Introduction to Importing Data in Python

1. Import the course packages

# Import the course packages
import pandas as pd
import numpy as np
import matplotlib.pyplot as plt
import scipy.io
import h5py
from sas7bdat import SAS7BDAT
from sqlalchemy import create_engine
import pickle

# Import the course datasets
titanic = pd.read_csv("datasets/titanic_sub.csv")
battledeath_2002 = pd.ExcelFile("datasets/battledeath.xlsx").parse("2002")
engine = create_engine('sqlite:///Chinook.sqlite')
con = engine.connect()
rs = con.execute('SELECT * FROM Album')
chinook = pd.DataFrame(rs.fetchall())
seaslug = np.loadtxt("seaslug.txt", delimiter="\t", dtype=str)

1.1.2 Importing entire text files

  • It is a text file that contains the opening sentences of Moby Dick.
# Open a file: file
file = open('moby_dick.txt','r')

# Print it
print(file.read())

# Check whether file is closed
print(file.closed)

# Close file
file.close()

# Check whether file is closed
print(file.closed)

1.1.3 Importing text files line by line

  • For large files,may not want to print all of their content to the shell: may wish to print only the first few lines.
  • Enter the readline() method.
# Read & print the first 3 lines
with open('moby_dick.txt') as file:
    print(file.readline())
    print(file.readline())
    print(file.readline())

1.3.1 Using NumPy to import flat files

  • We'll load the MNIST digit recognition dataset using the numpy function loadtxt()
# Import package
import numpy as np
import matplotlib.pyplot as plt

# Assign filename to variable: file
file = 'digits.csv'

# Load file as array: digits
digits = np.loadtxt(file, delimiter=',', skiprows=1)

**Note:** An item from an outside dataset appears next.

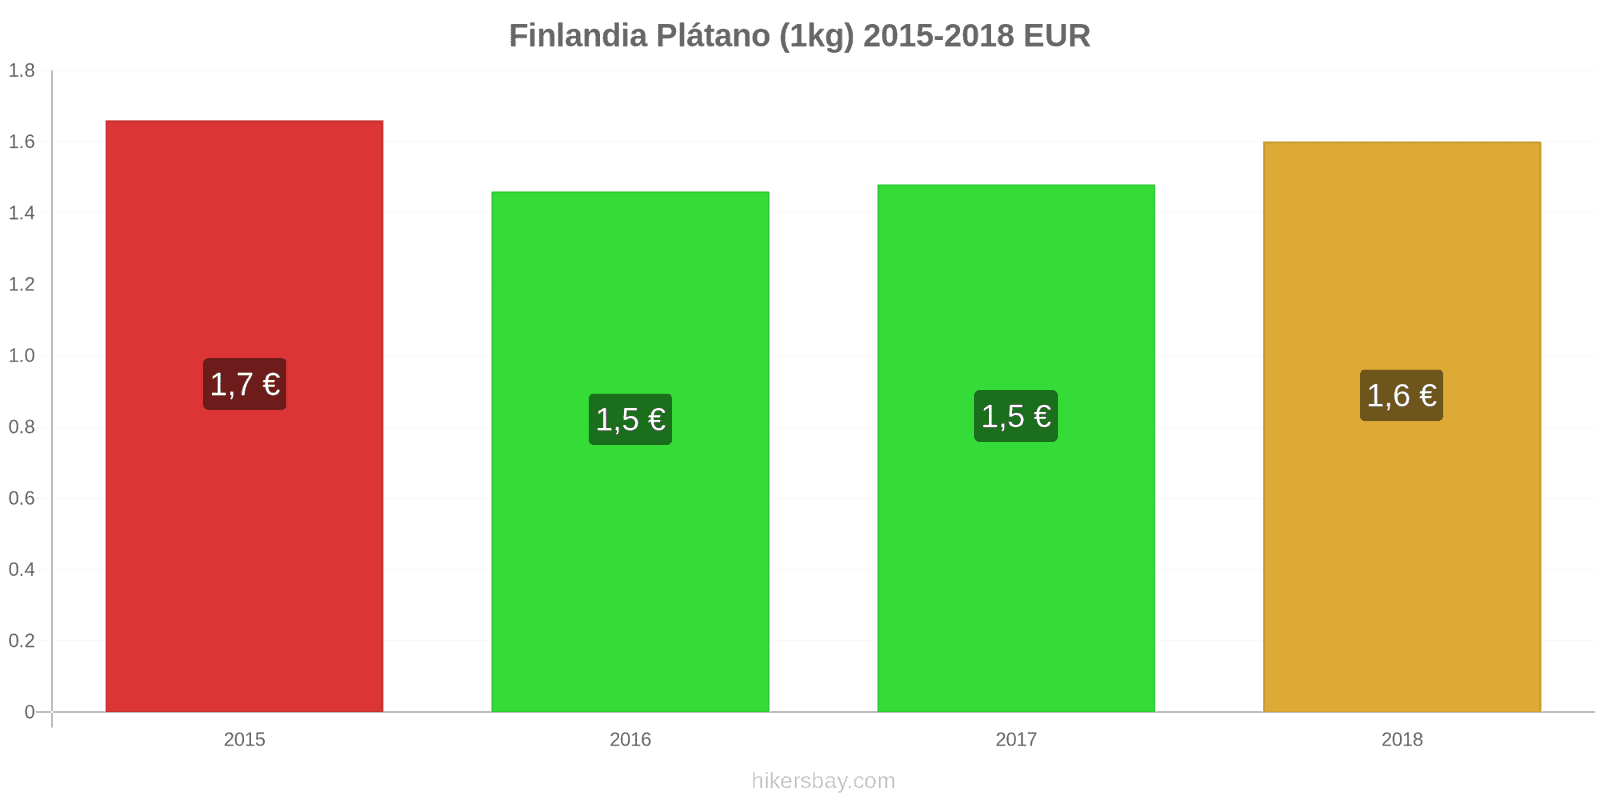 Finlandia cambios de precios Plátanos (1kg) hikersbay.com

# Print datatype of digits
print(type(digits))

# Select and reshape a row
im = digits[21, 1:]
im_sq = np.reshape(im, (28, 28))

# Plot reshaped data (matplotlib.pyplot already loaded as plt)
plt.imshow(im_sq, cmap='Greys', interpolation='nearest')
plt.show()

1.3.2 Customizing your NumPy import

  • a number of arguments that np.loadtxt() takes that are useful:
  • delimiter changes the delimiter that loadtxt() is expecting.
  • ',' for comma-delimited.
  • '\t' for tab-delimited.
  • skiprows to specify how many rows (not indices) to skip
  • usecols takes list of the indices of the columns to keep.
# Import numpy
import numpy as np

# Assign the filename: file
file = 'digits_header.txt'

# Load the data: data
data = np.loadtxt(file, delimiter='\t', skiprows=1, usecols=[0,3])

# Print data
print(data)

1.3.3 Importing different datatypes

  • These data consists of percentage of sea slug larvae that had metamorphosed in a given time period.

  • Due to the header,to import it using np.loadtxt(),

  • Python would throw you a ValueError(tell you that it could not convert string to float).

  • Two ways to deal with this:

  • Firstly, you can set the data type argument dtype equal to str (for string).

  • Alternatively, you can skip the first row , using the skiprows argument.

import matplotlib.pyplot as plt

# Assign filename: file
file = 'seaslug.txt'

# Import file: data
data = np.loadtxt(file, delimiter='\t', dtype=str)

# Print the first element of data
print(data[0])

# Import data as floats and skip the first row: data_float
data_float = np.loadtxt(file, delimiter='\t', dtype=float, skiprows=1) 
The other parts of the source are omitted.